The first crucial discovery we must each make in the course of our salvation is that it does indeed involve a real person: Jesus of Nazareth, the son of Mary and Joseph. Like the kings, we must come and see who this is, leaving behind our old comforts and assumptions, so that we too, like the magi, may be newly, and infinitely more, consoled and encouraged with the simple and wonderful discovery, that God is with us. Then, as we follow the story forward, we find how this divine presence is not simply foreign and terrible in its power, too great to embrace or fathom, but rather, that He is humble, the perfect example of life measured by obedience to the Father, and by extension, by honouring His earthly parents. We come to discover that in the most profound sense, the Messiah, who is King of kings and Lord of lords, is also, and in the first place, our neighbour. This is expressed in such a beautiful way in the miracle at Cana, Jesus graciously taking care for that most vital institution of every neighbourhood, marriage. The changing of water into wine precisely reveals how it is for the blessing and consolation of our human experience through the renewal of a redeeming divine grace, and not for any other purpose, that Christ is born. God is with us, and He is for us. This gracious care and presence is the context in which all His life and ministry unfolds, so that last week we saw how His teaching on the mountain, invoking the people to trust in God, immediately found its natural, practical, expression through miracles of healing.

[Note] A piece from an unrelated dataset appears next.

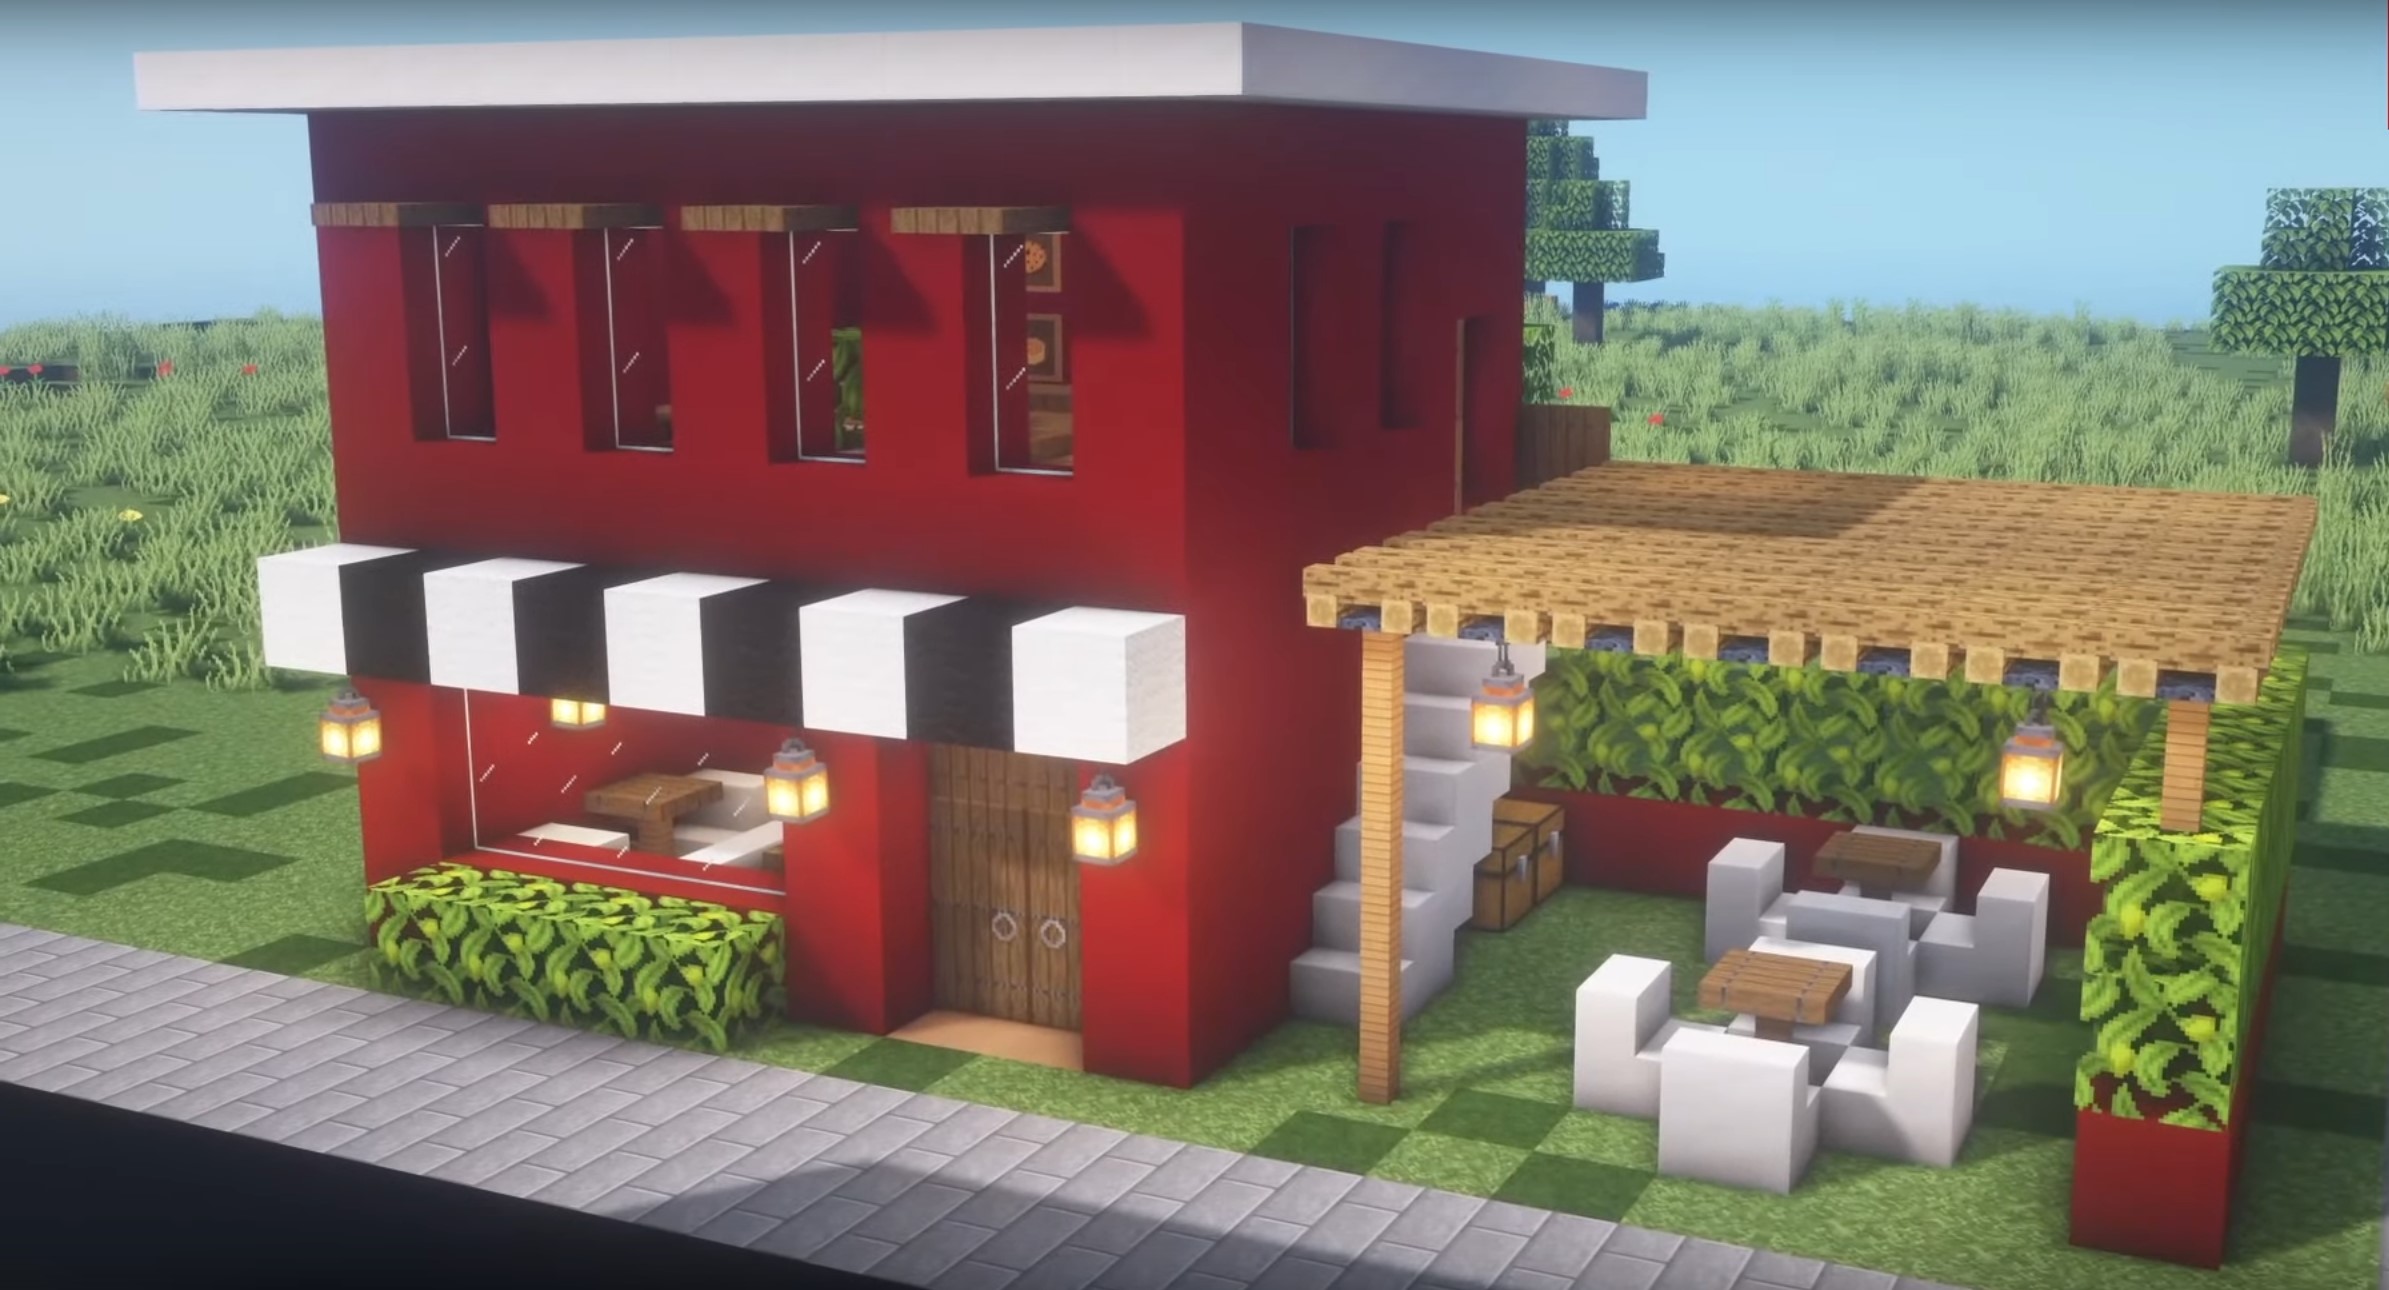 Cute cafe minecraft building idea
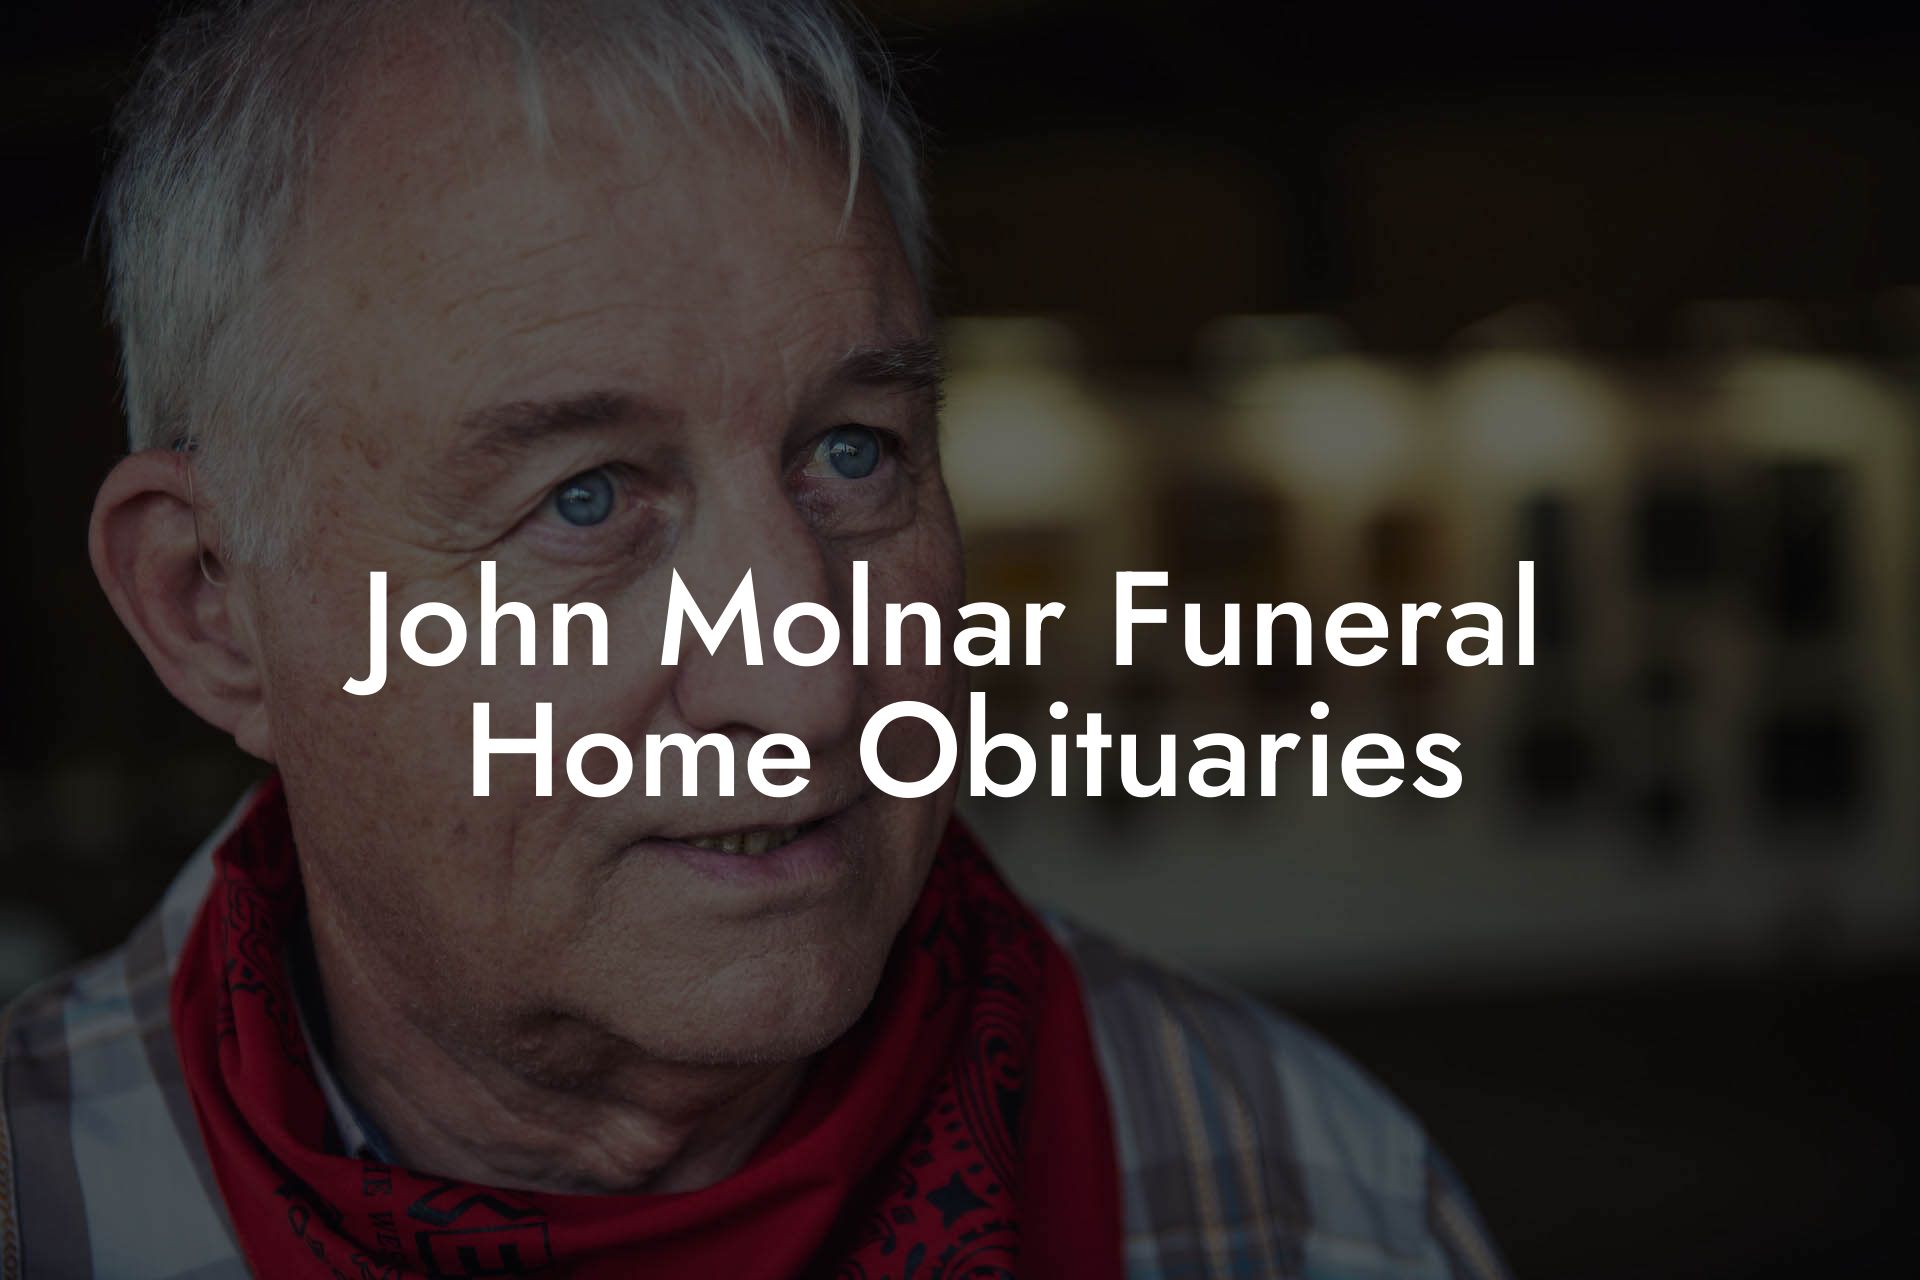 John Molnar Funeral Home Obituaries

And so today, we come to the remarkable miracle of the calming of the storm, and we are meant to see how crucial it is that this sheer expression of Christ’s divine authority appears only now, only after the humility of the stable and His childhood, His care for the people, and His goodwill present in the gifts of teaching and healing, have been made clear. In other words, His absolute authority, invested in Him by the Father before all things, and by which the world was made, His infinite freedom to govern and to move all things in their proper courses, is indeed a necessary, and fundamental, quality of His nature—and we must learn to devote ourselves to Him in these terms, for such He is. Yet we come to that vision of His unlimited divine power, only by way of the unfolding story of His humility, and His human kindness: we only come to know God through His love for us, and as we do, we find that power only has true significance as the working out of love. That is the sense of Paul’s admonition in today’s epistle: we may commit to the just administration of earthly powers, and ought to be subject to them, because their authority is a rightful expression of God’s loving care for us, present in every way, in all times and places. Law and order permits us to learn what it means, that the second commandment is like the first, to love our neighbour as ourself. For this is the divine identity which we find manifest in our Lord, that by His love, we are His neighbour—and so, too, this is the truth our lives come to reflect, as we learn to embrace His appearing.